I'm horribly sick, and horribly proud of myself for keeping it to myself. I missed Dougie's soirée on Saturday night, and the chance to see his new digs and meet his three new (kitty) roommates, and to ride down and back on the Hoodie Bus with a designated driver. I frequently complain about those miserable, rotten people who can't stay home when they're sick; they insist on going to work, school, shopping, etc. And what do they do? They make the rest of US sick! Selfish bastids. And so, filing this under Practicing What I Preach, I stayed home and kept my germs under quarantine. Yay, me. (I'm not really horribly sick; I'm a little sick and horribly pathetic.)
So it was a movie-watchin', book-readin' kind of weekend. I watched the 2007 Academy Award Nominated Short Films, both animated and live action. Except for the first one, At Night, about a cancer ward (oh, those wacky Scandinavians. What's more fun than a cancer ward? Dysfunctional families and suicide!), I really enjoyed all the live action stories. They are funny and charming and fast. I'm sure it's a real challenge to the directors to tell their stories in 10-15 minutes. The first two animated movies were so bad I just skipped the rest of them.
I watched Arranged, a mostly sweet Chick Flick about a developing friendship between two young public school teachers in New York City. They lost me, however, in the very last scene. It didn't exactly ruin the whole movie, but it was a real clunker of an ending. Then I watched In The Land of Women, in which a supposed writer of soft porn films moves in with his grandma to help heal his broken heart, and gets drawn into the lives of the women who live across the street. I wanted to fall back in like with Meg Ryan, but this movie never got me there. In fact, her "trout pout" lips were so flappy, she often sounded like she had a speech impediment. Olympia Dukakis as the wacky, forgetful granny was more of a caricature; what a waste of talent. I think my lesson was to read at least a couple of reviews before adding a movie to my queue.

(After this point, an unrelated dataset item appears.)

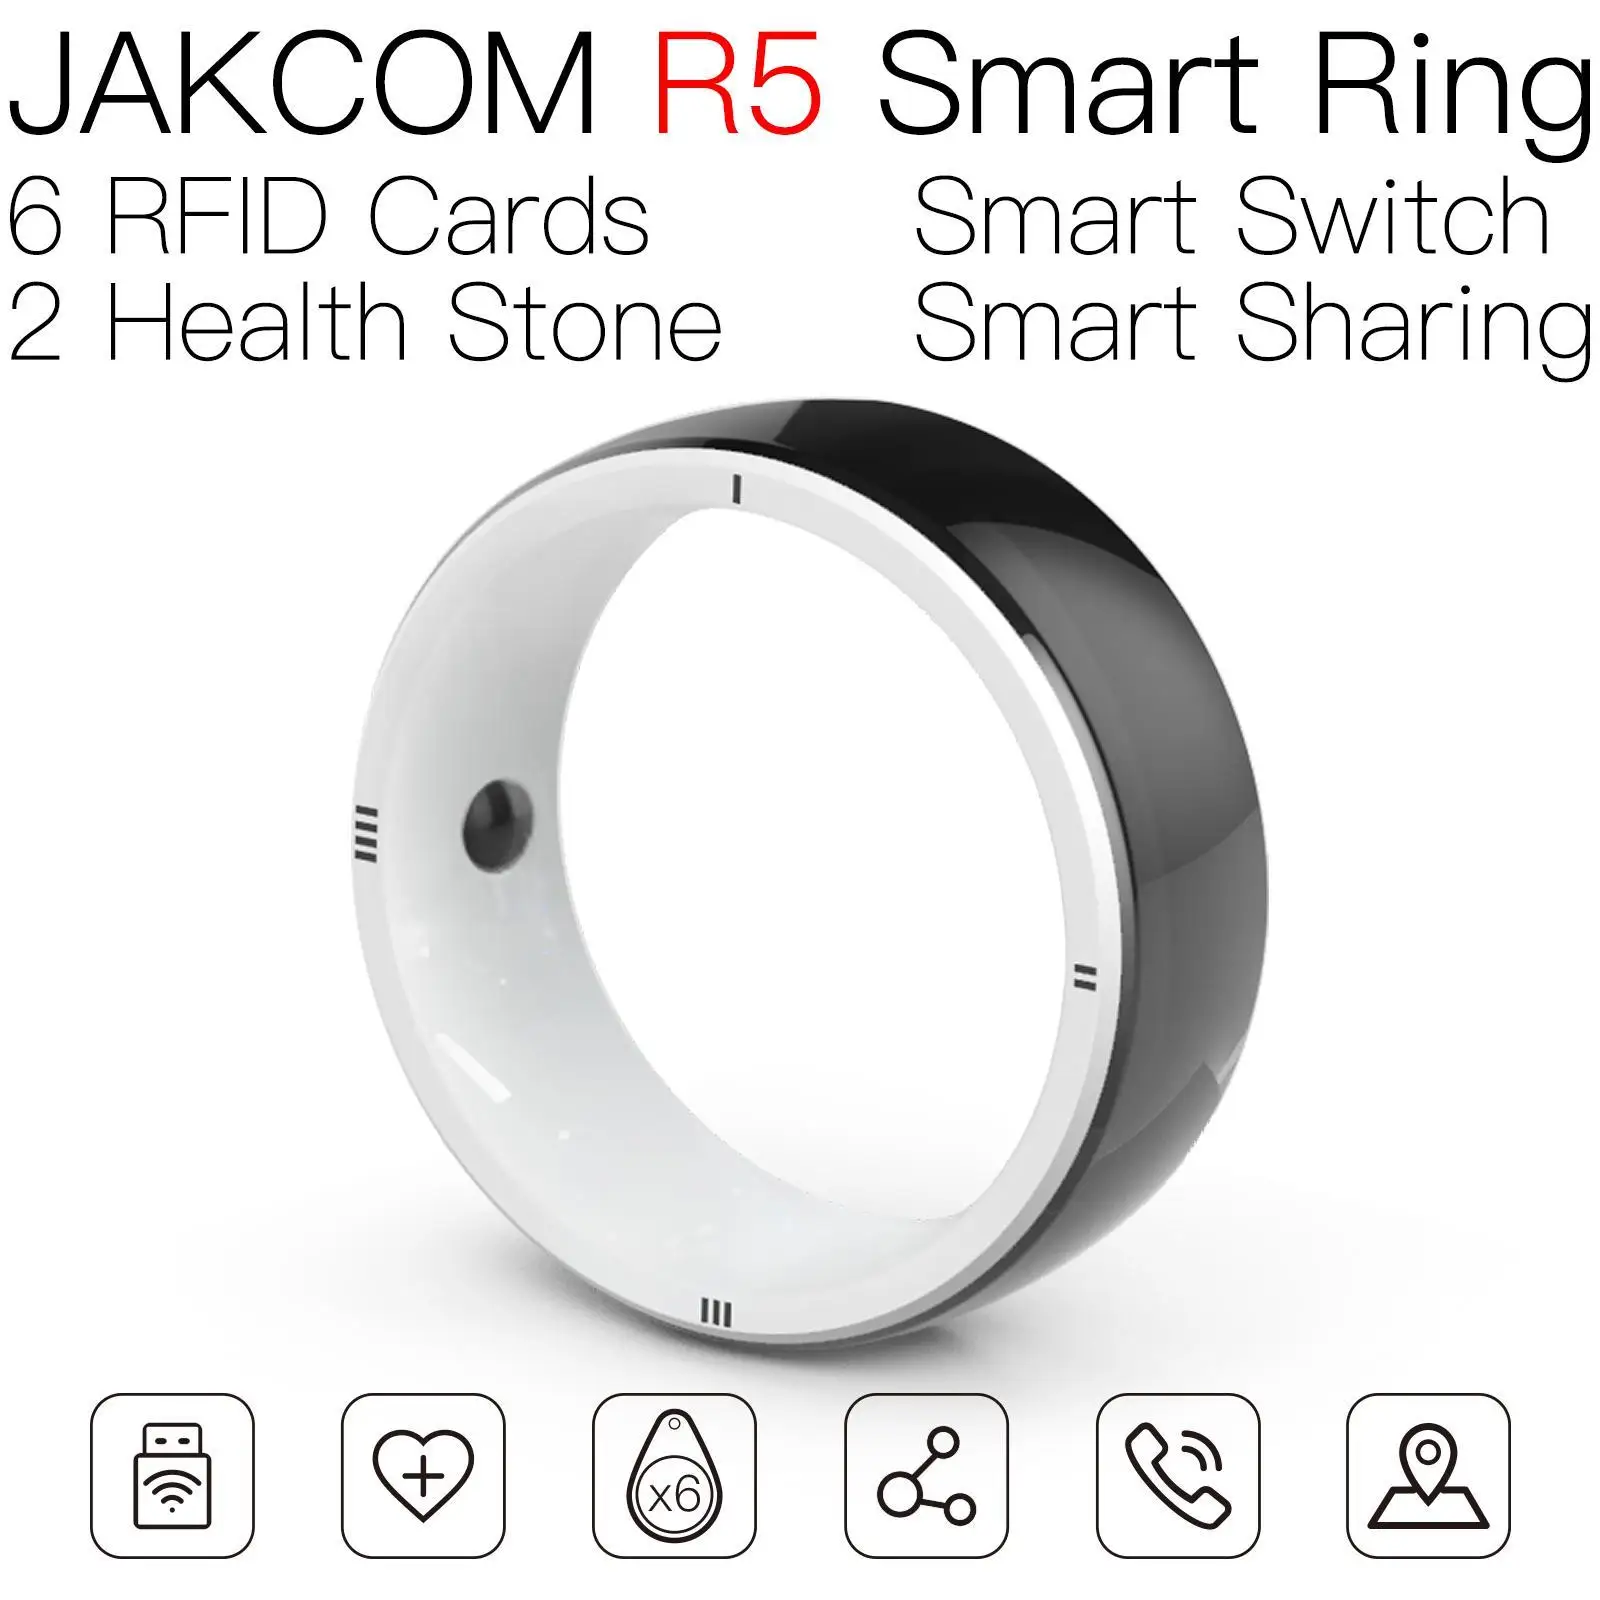 

JAKCOM R5 Smart Ring Nice than nfc tag 215 sticker 100 pcs rewritable ring bussines card uhf rfid store t5577 ntag 216 metal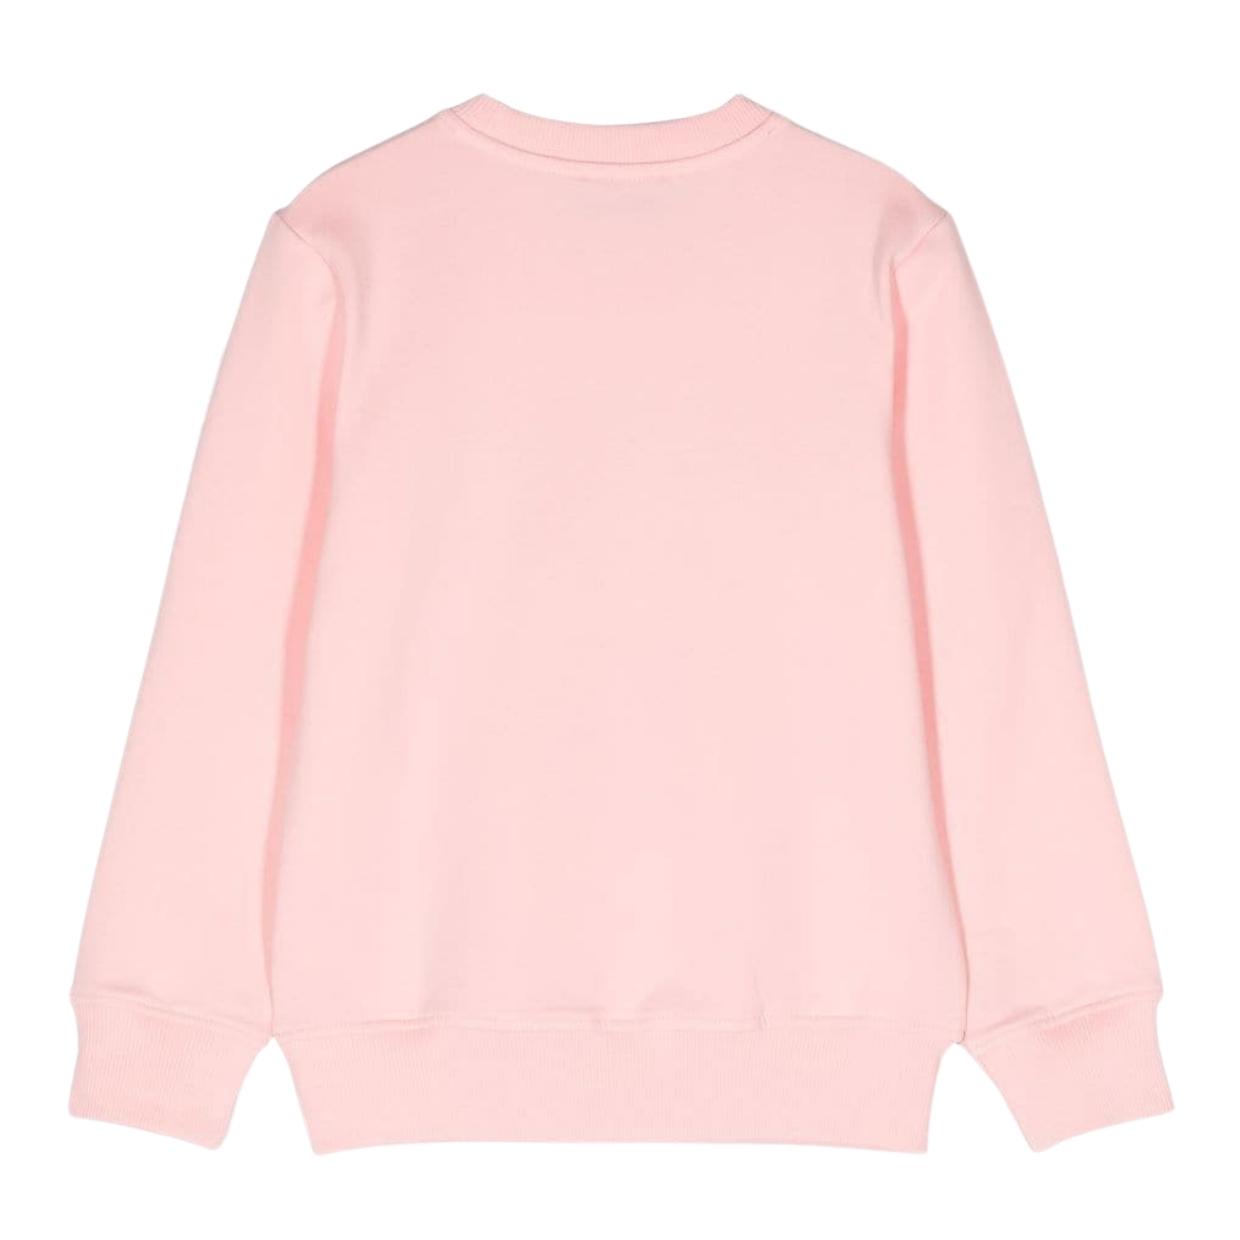 Moschino Kids Pink Teddy Bear Sweatshirt

And now the raves: I'm hip deep in Janet Evanovich's "Lean Mean Thirteen," with bounty hunter Stephanie Plum at the helm. This one is even funnier than usual; the put-it-down-and-laugh-for-awhile kind of funny. With the usual irresistible cast, Stephanie is trying to find a lowlife who leaves a 20-foot snake to guard his trailer, and a taxidermist who's planting bombs in his projects, while Stephanie herself becomes a suspect in the disappearance of her ex-husband. Like McCall-Smith, Evanovich always leaves me wanting more, more. (Especially more of Steph's boyfriend Joe, and boyfriend wanna-be, Ranger. Sizzlin', those two.)
A call to my doc has me on antibiotics as a precaution. The big guns, which will probably give me ear infections, eye infections, girly bits infections. Yeah, love those broad-spectrum jobbies. But since I've gotten worse every day, I figure my traumatized little immune system is just not up to the task right now. With regards to antibiotics, my motto was always "don't use a cannon if a slingshot will work." In other words, don't use the expensive, new antibiotics if a little generic E-mycin would do the trick. I'll probably be needing those cannons for a long time.